Operating the telescope at Harry's direction, Sam was able to find and draw in tight on the Simpsons' house, on the other side of Conquistador and just north of the Catholic cemetery. All was dark and motionless.

From the bed where she still had the dog's head in her lap, Tessa said, "All of it's got to be connected somehow: these 'accidental' deaths, whatever those men were doing to Ella Simpson, and these … Boogeymen."

"Yes, it's tied together," Sam agreed. "And the knot is new Wave Microtechnology."

He told them what he had uncovered while working with the VDT in the patrol car behind the municipal building.

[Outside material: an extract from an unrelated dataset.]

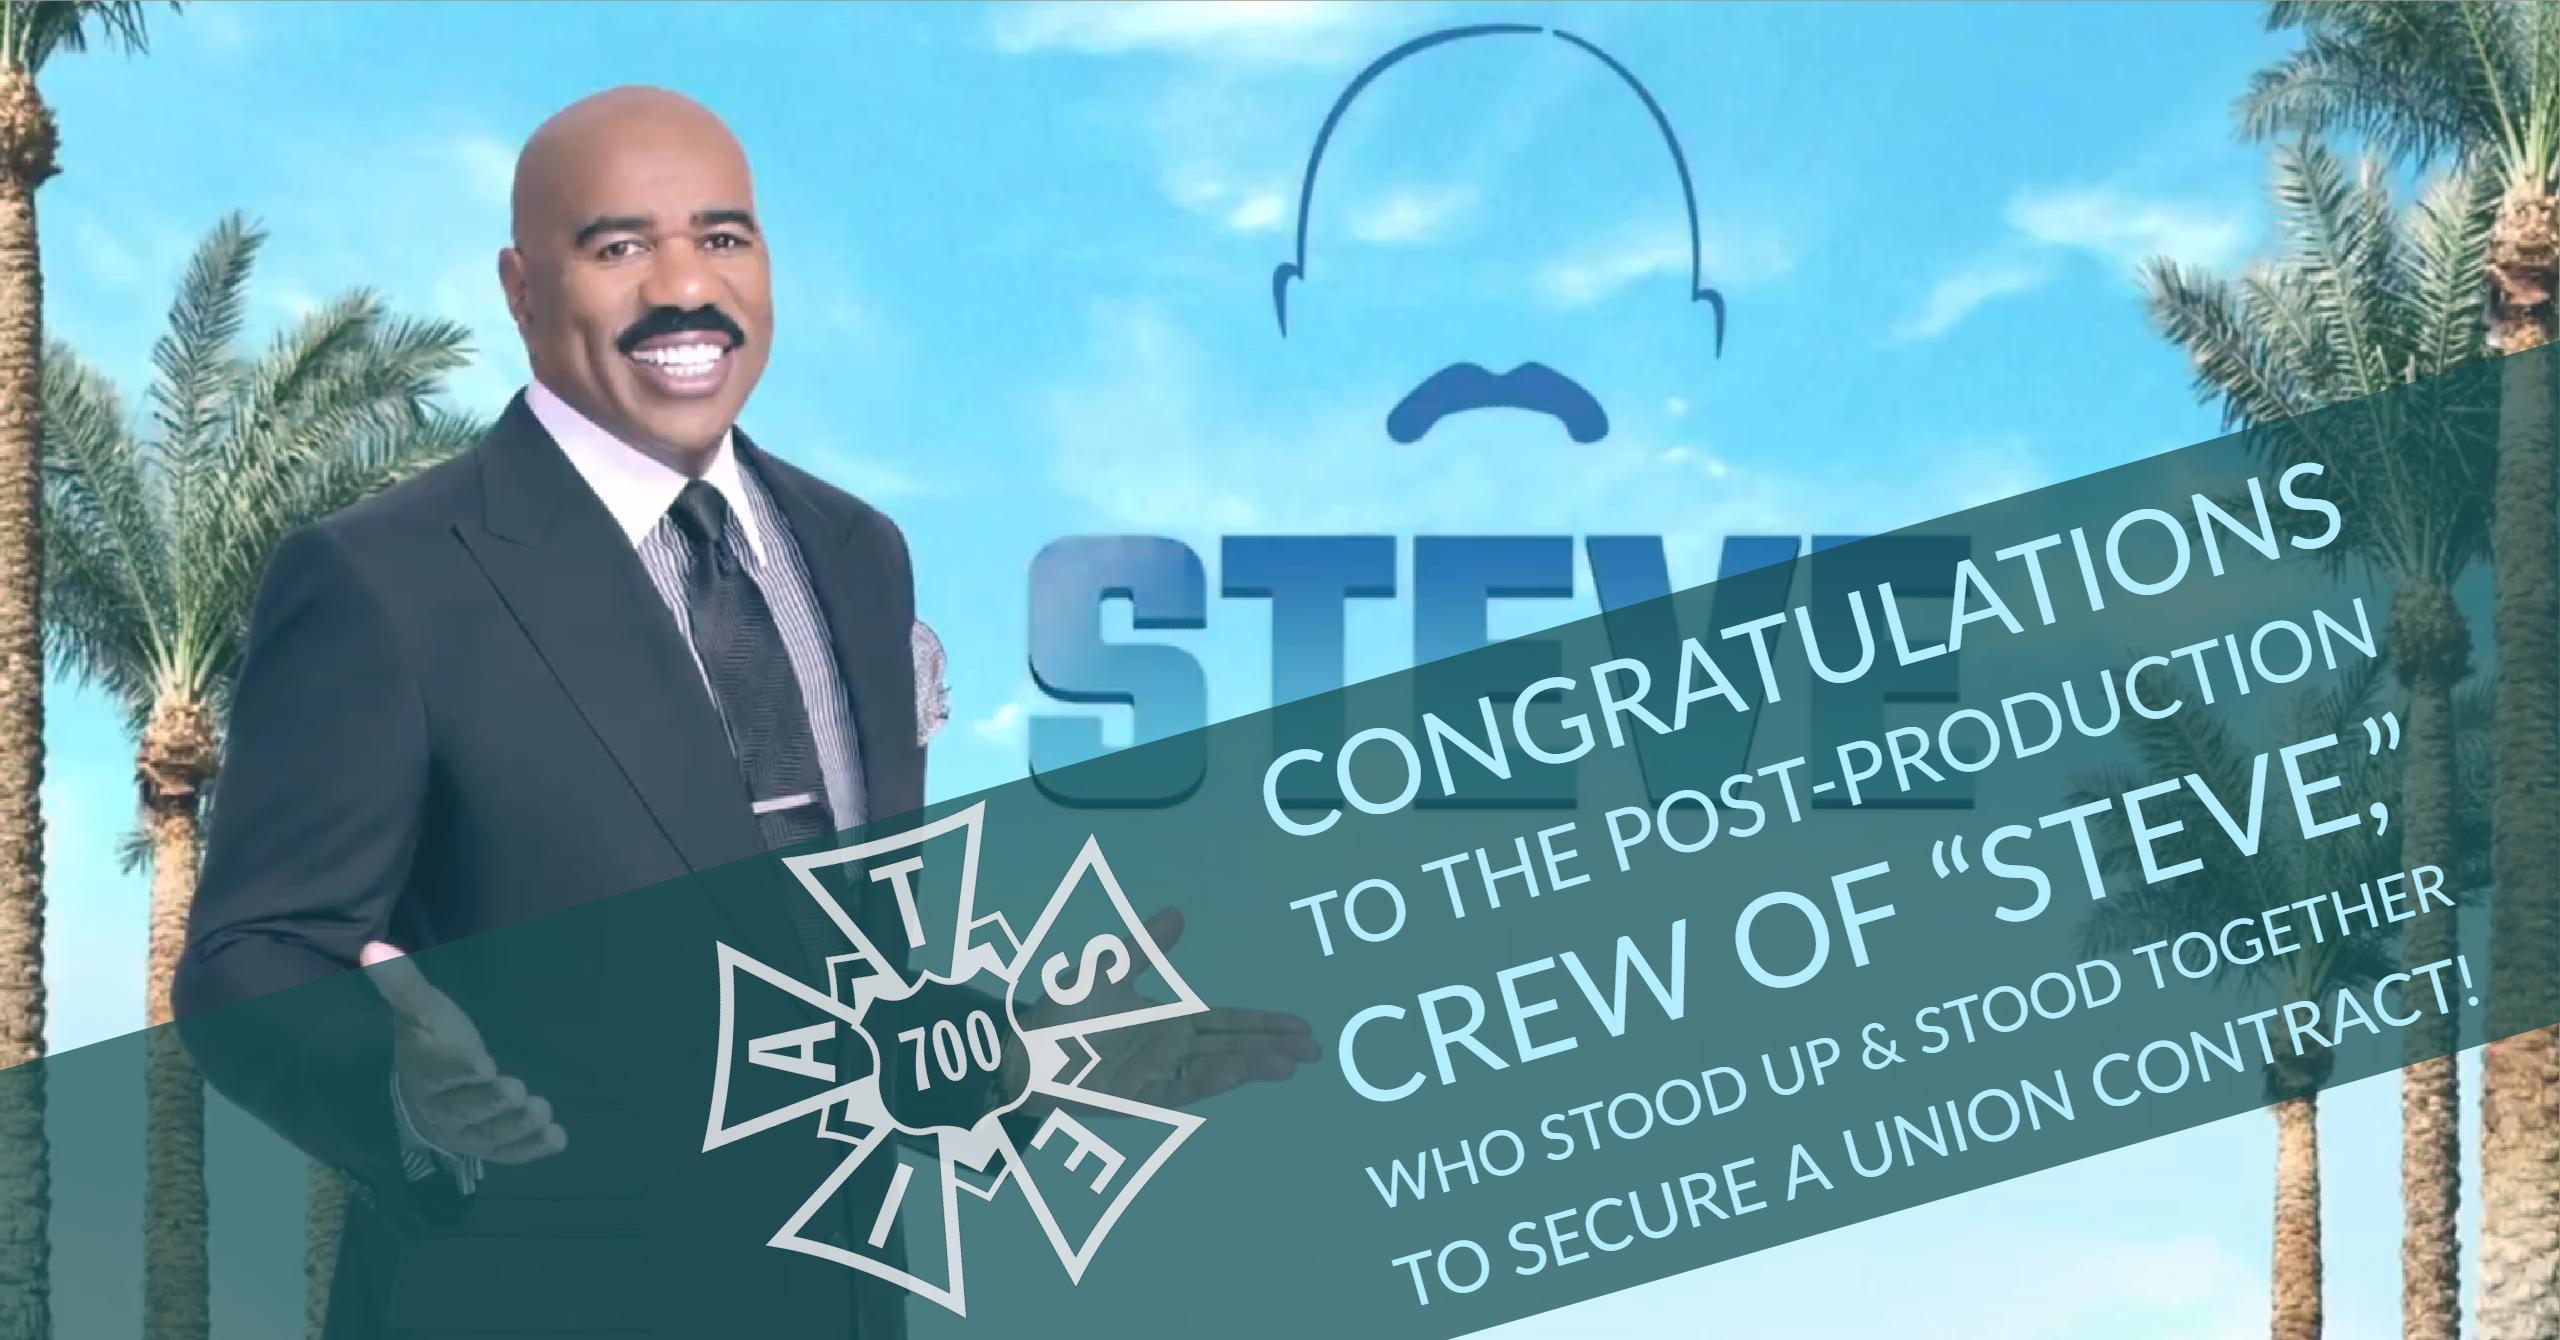 “Steve” Post Crew Wins Union Contract!

"Moonhawk?" Tessa wondered. "Conversions? What on earth are they converting people into?"

"I don't know."

"Surely not into … these Boogeymen?"

"No, I don't see the purpose of that, and besides, from what I turned up, I gather almost two thousand people in town have been … given this treatment, put through this change, whatever the hell it is. If there were that many of Harry's Boogeymen running loose, they'd be everywhere; the town would be crawling with them, like a zoo in the Twilight Zone."

"Two thousand," Harry said. "That's two-thirds of the town."

"And the rest by midnight," Sam said. "Just under twenty-one hours from now."

"Me, too, I guess?" Harry asked.

"Yeah. I looked you up on their lists. You're scheduled for conversion in the final stage, between six o'clock this coming evening and midnight. So we've got about fourteen and a half hours before they come looking for you."

"This is nuts," Tessa said.

"Yeah," Sam agreed. "Totally nuts."

"It can't be happening," Harry said. "But if it isn't happening, then why's the hair standing up on the back of my neck?"